Focused molecular understanding of hypertrophic cardiomyopathy using CRISPR-engineered human pluripotent stem cell-derived cardiomyocytes

Lead Research Organisation: University of Nottingham
Department Name: School of Medicine


This proposal aims to investigate a prevalent and complex cardiac disease using a human cell model in order to promote future drug discovery strategies towards its treatment. It builds on previous work focused on the development of the model as well as the molecular tools needed to interrogate its disease features.

Health need
Heart failure represents a major cause of mortality and morbidity worldwide and remains the leading cause of global suffering. In the UK ~900,000 people are affected by heart failure and each year there are 20 million deaths worldwide. Treatment of the disease uses 2% of the UK healthcare budget and worldwide costs will reach 250 billion dollars by 2030. A major contributor is Hypertrophic Cardiomyopathy (HCM) which is the most prevalent cardiac disease, affecting 1:500 people and often leading to sudden cardiac death at a young age. Few drug treatments exist, with the only definite solution being heart transplantation. The major current benefits come from indirect treatment, such as reducing heart rate, blood pressure or risk of stroke. Greater understanding of the molecular mechanisms of HCM would provide a route for much needed development of new therapies. However, mechanisms of HCM are poorly understood, often because data obtained from animal models is frequently misinterpreted due to species-differences (e.g. mouse heart beat rates are 10-fold higher than humans).

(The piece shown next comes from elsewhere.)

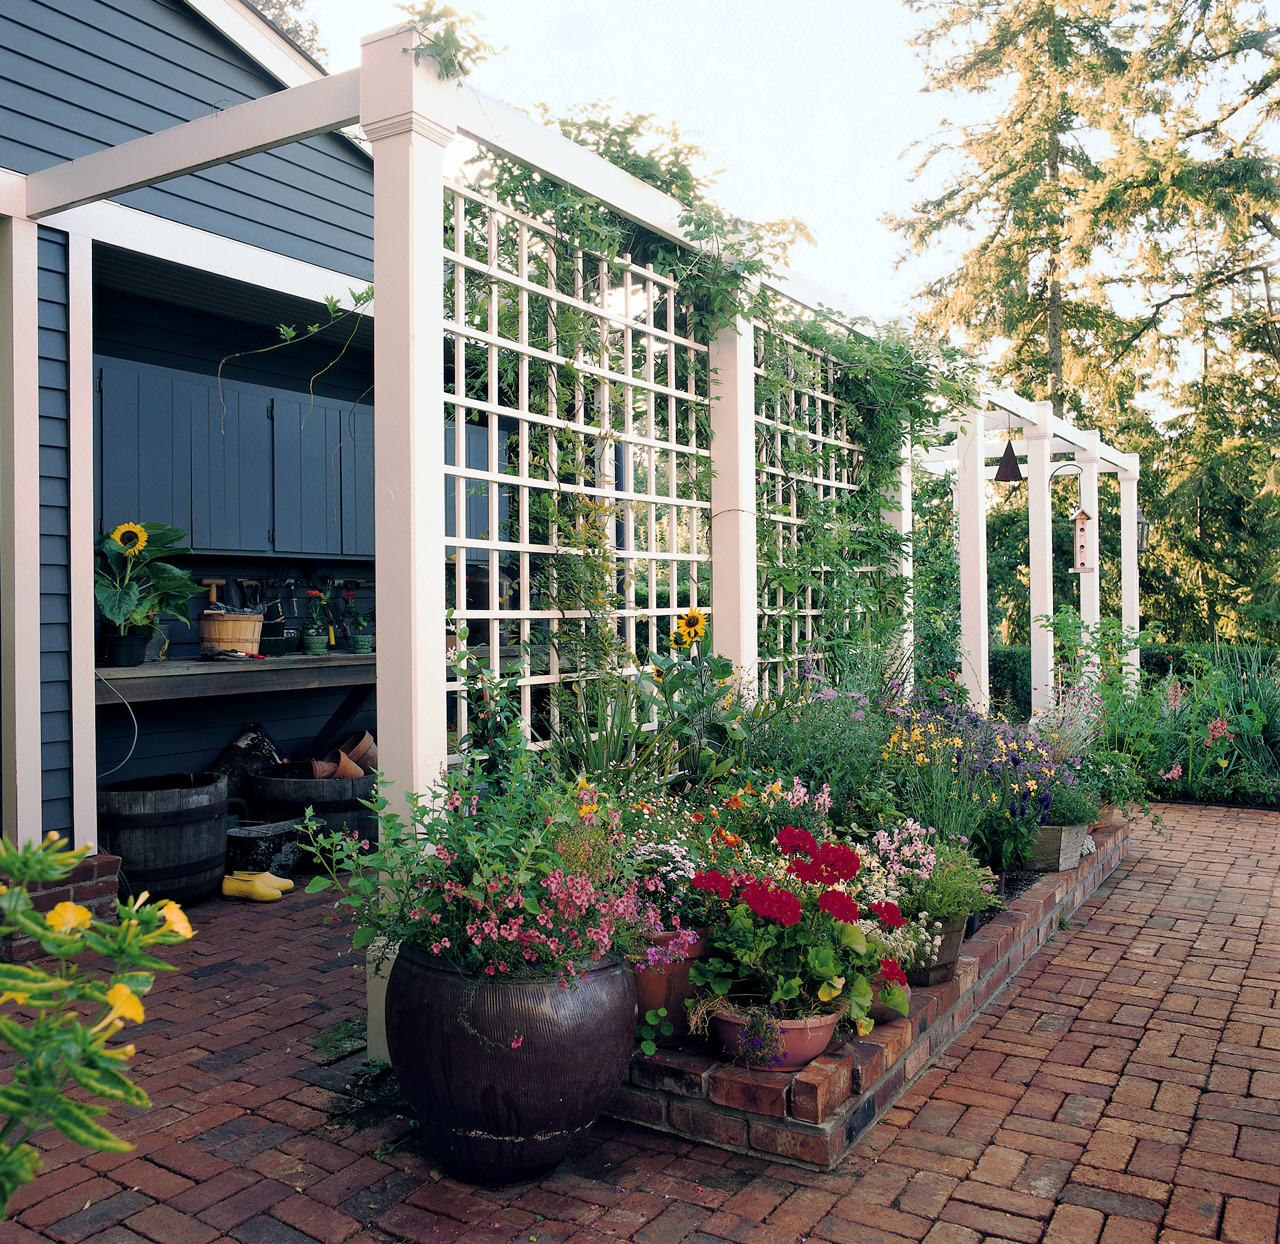 Workspace trellis screen for privacy

During 2018, I was involved in pioneering work to show that new approaches could be used to model HCM. The emphasis was on the MYH7 gene, which encodes the contractile protein, beta myosin heavy chain. CRISPR/Cas9 engineering was used to make genetic variants of MYH7 in heart cells produced from human pluripotent stem cells - these 'cardiomyocytes' are abbreviated to hPSC-CMs. By conducting very detailed analysis, many of the features of HCM could be reproduced in hPSC-CMs carrying mutant variants of MYH7. Importantly, this included the finding that altered expression of many novel long non-coding RNAs (lncRNAs) appeared to be associated with HCM. This enables hypothesis-driven questions to be asked about their relative importance in heart disease.

Hypothesis and plans
I hypothesise that unveiling the function of these lncRNAs will provide new mechanistic insight and drug targets for HCM. To test this hypothesis, I propose to perform focused experiments to reduce or increase the levels of the lncRNAs in hPSC-CMs and then assess their impact on cellular behaviour and function. This will help clarify their role in the disease progression - whether as disease contributors, cardioprotective or as gene modifiers. Finally, the identification and validation of direct interacting proteins with these lncRNAs will shed light into their molecular mechanism and pave the way for future therapies.
If replacement of 50% of animals for HCM research could be achieved by validating the human model, this will equate to sparing 2100-5000 animals (of all species) in severe procedures in the next 10 years, and would instead generate human-relevant data to further tackle this disease.

Technical Summary

Rationale and Timeliness:
Further molecular insight of the pathways involved in hypertrophic cardiomyopathy (HCM) is warranted for deeper understanding of the disease and drug development efforts. My 2018 publications in European Heart Journal and Circulation Research showed HCM could be phenocopied by a set of 11 isogenic CRISPR/Cas9 variants of the MYH7 gene (beta myosin heavy chain) of human pluripotent stem cell-cardiomyocytes (hPSC-CMs). Twelve different phenotyping methods were used to interrogate the generated human cell lines, often showing contradictory results relative to animal models. Importantly, a cohort of long non-coding RNAs (lncRNAs) potentially linked to HCM was identified by RNA sequencing. This collection of cell resources, underpinning technologies and putative lncRNA pathway controllers form the basis of this proposal.

Hypothesis and plans:
I hypothesise that unveiling the function of these novel lncRNAs will provide new mechanisms and drug targets for HCM. To test this hypothesis, I propose to modulate the expression of these lncRNAs in hPSC-CMs by harnessing the dead Cas9 technology. I will then assess the phenotype of up/down-regulating these lncRNAs in the context of HCM, by employing the methodologies previously developed (molecular and functional assays). This will enable determining the role of lncRNAs in HCM - either as disease-causing or cardioprotective per se, or as gene modifiers regulating the primary disease effects caused by the structural defect. Finally, prediction and validation of lncRNA-interacting proteins by coupling in silico tools with molecular biology methods will result in the identification of new pathways involved in HCM, shedding light into the development of future drug treatments.
If replacement of 50% of animals for HCM research could be achieved by further validating the human model, this will equate to sparing of 2100-5000 animals (of all species) in severe procedures in the next 10 years.